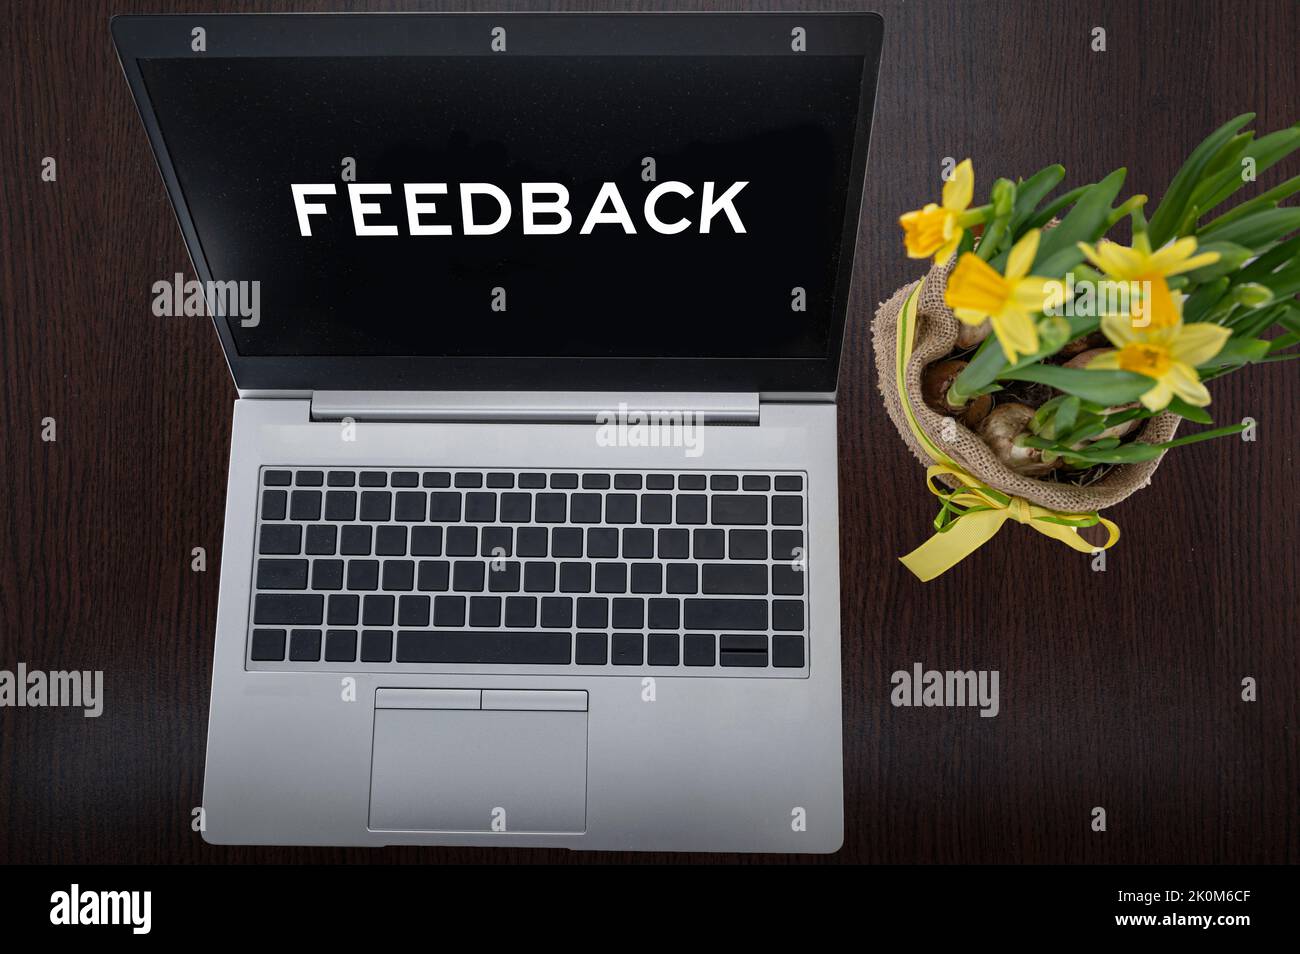 Top view of silver laptop with text feedback and plant on table. Stock Photo
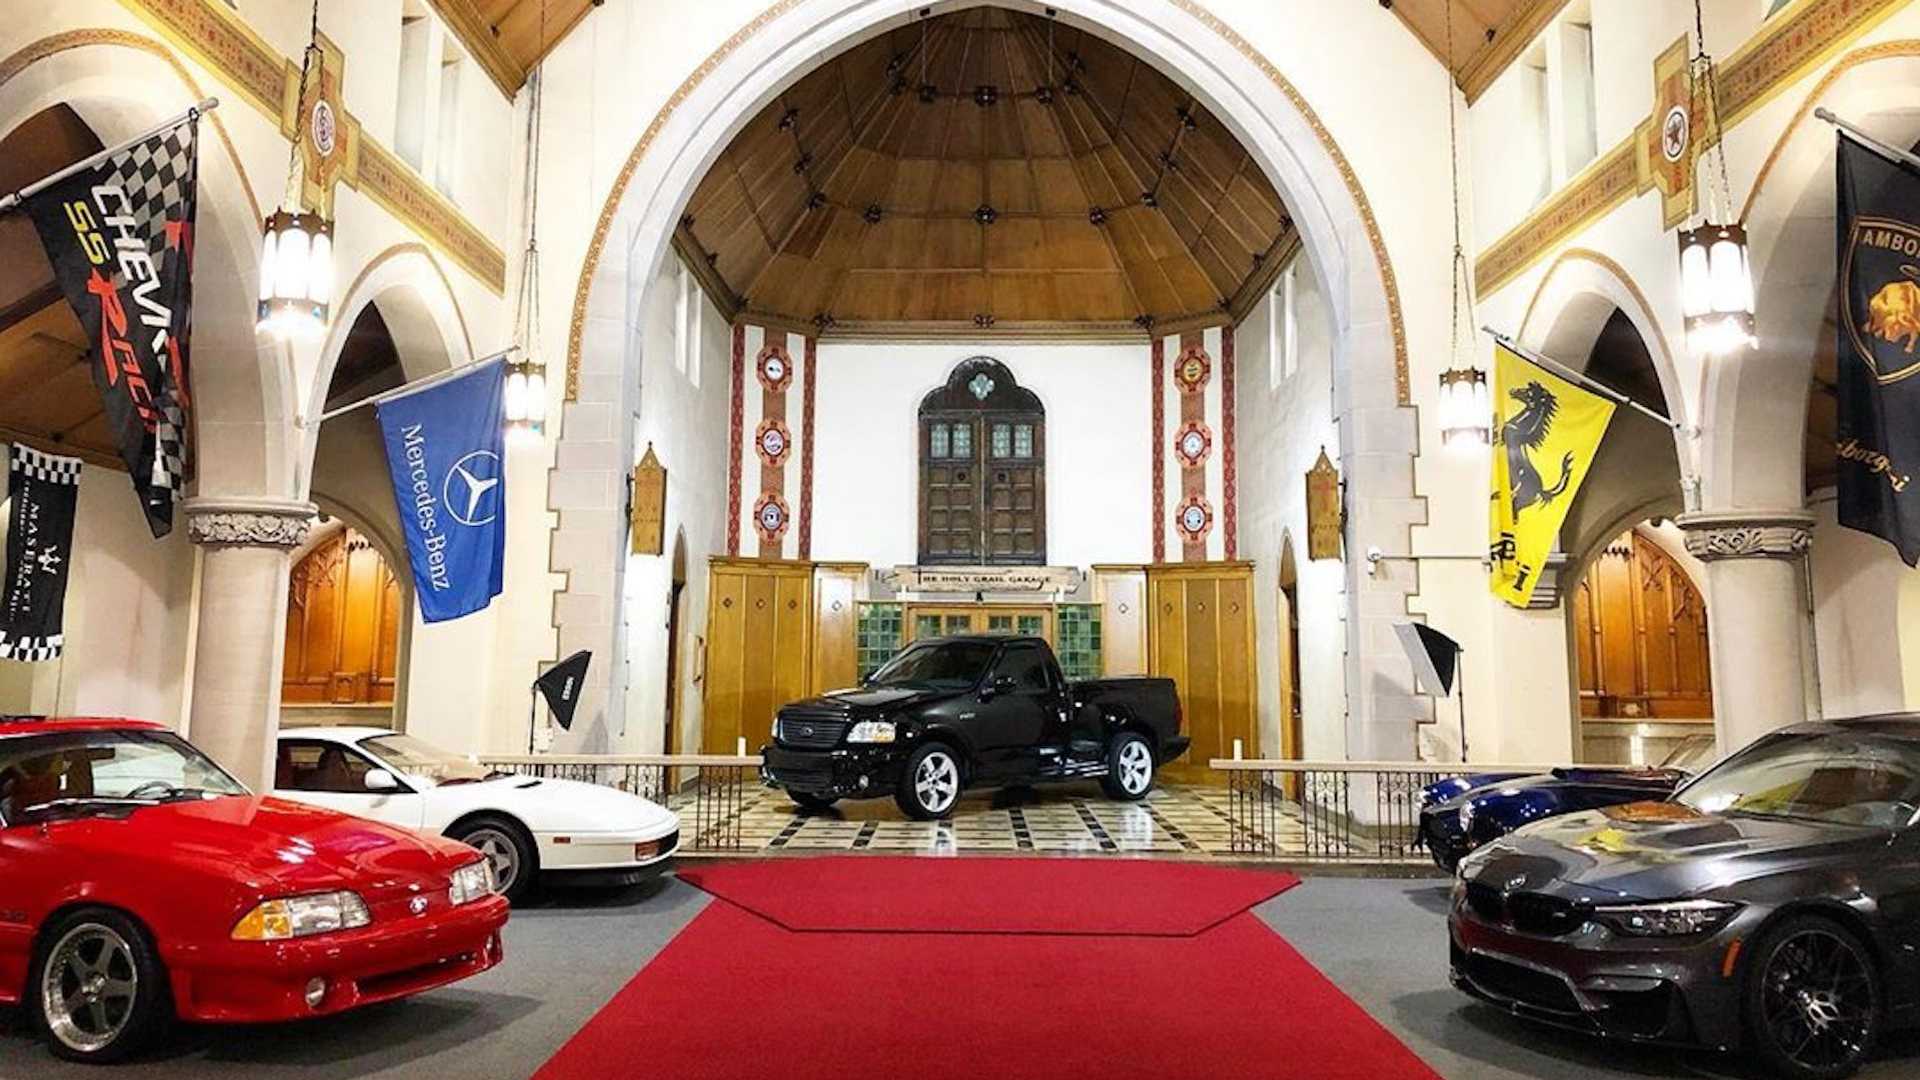 The Holy Grail Garage
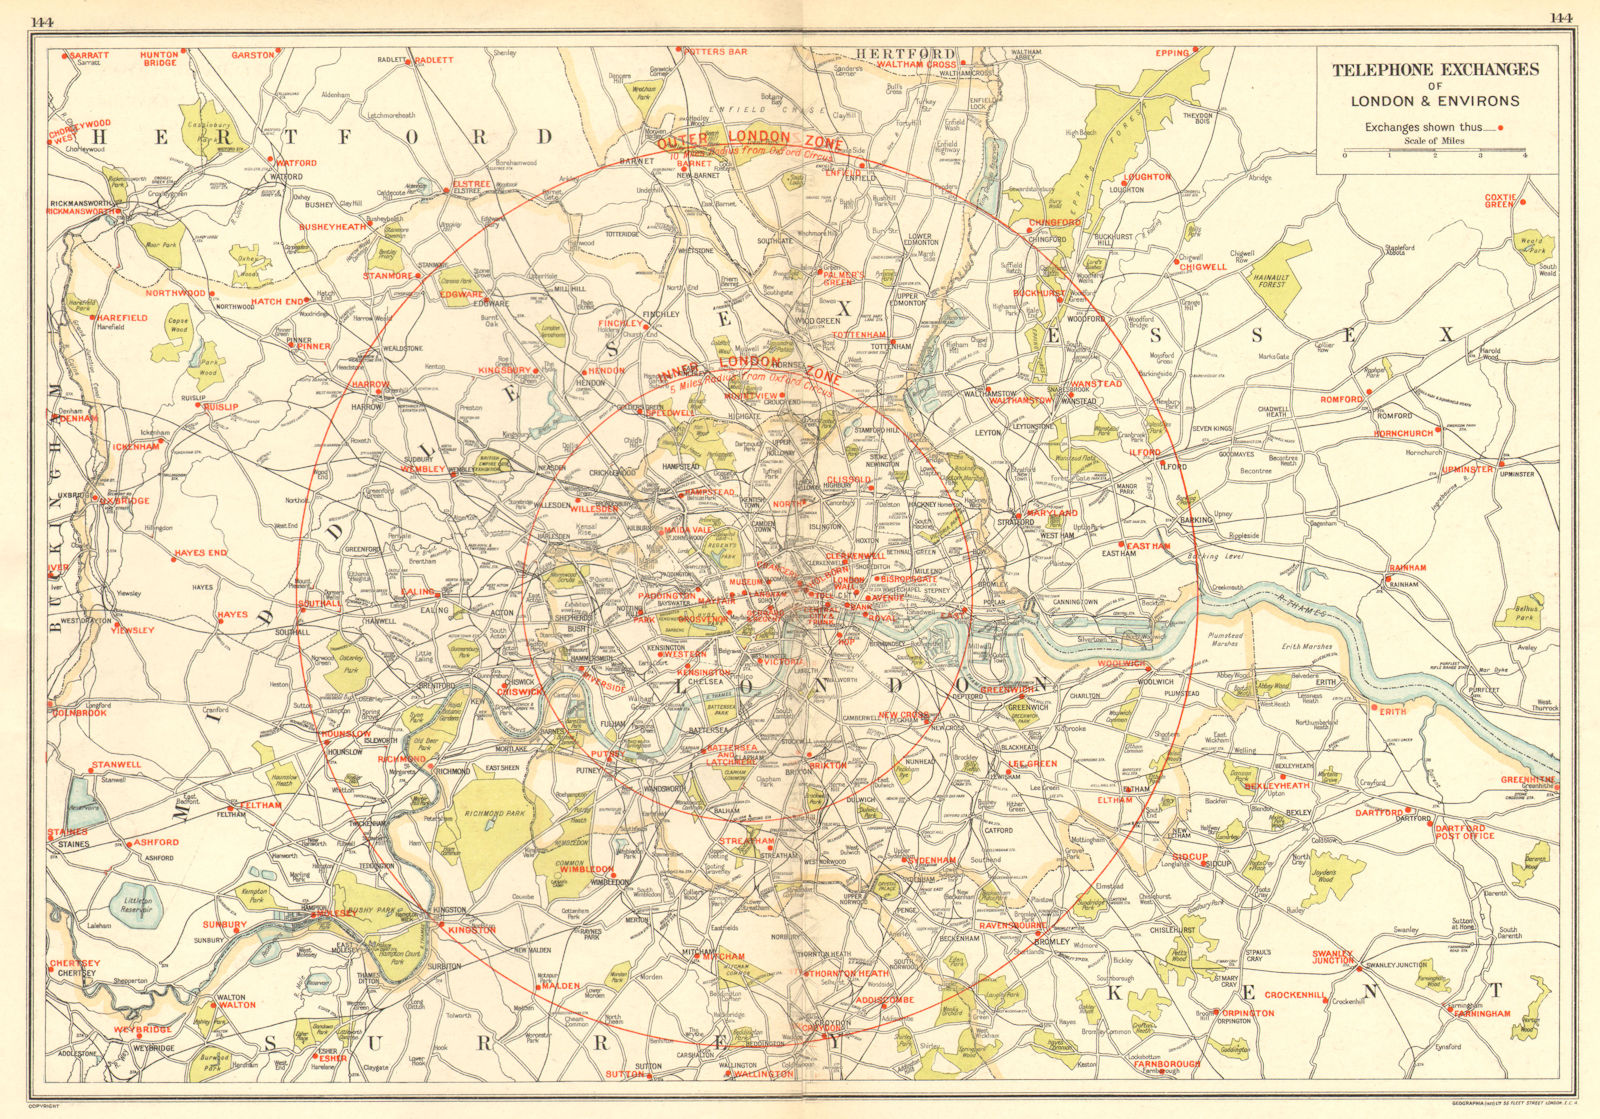 Associate Product LONDON. Telephone Exchanges of London & Environs 1923 old antique map chart

# Work order
Output the material above exactly, without pictures.

# Reply
 Top view of silver laptop with text feedback and plant on table. Stock Photo
 The Holy Grail Garage
 Associate Product LONDON. Telephone Exchanges of London & Environs 1923 old antique map chart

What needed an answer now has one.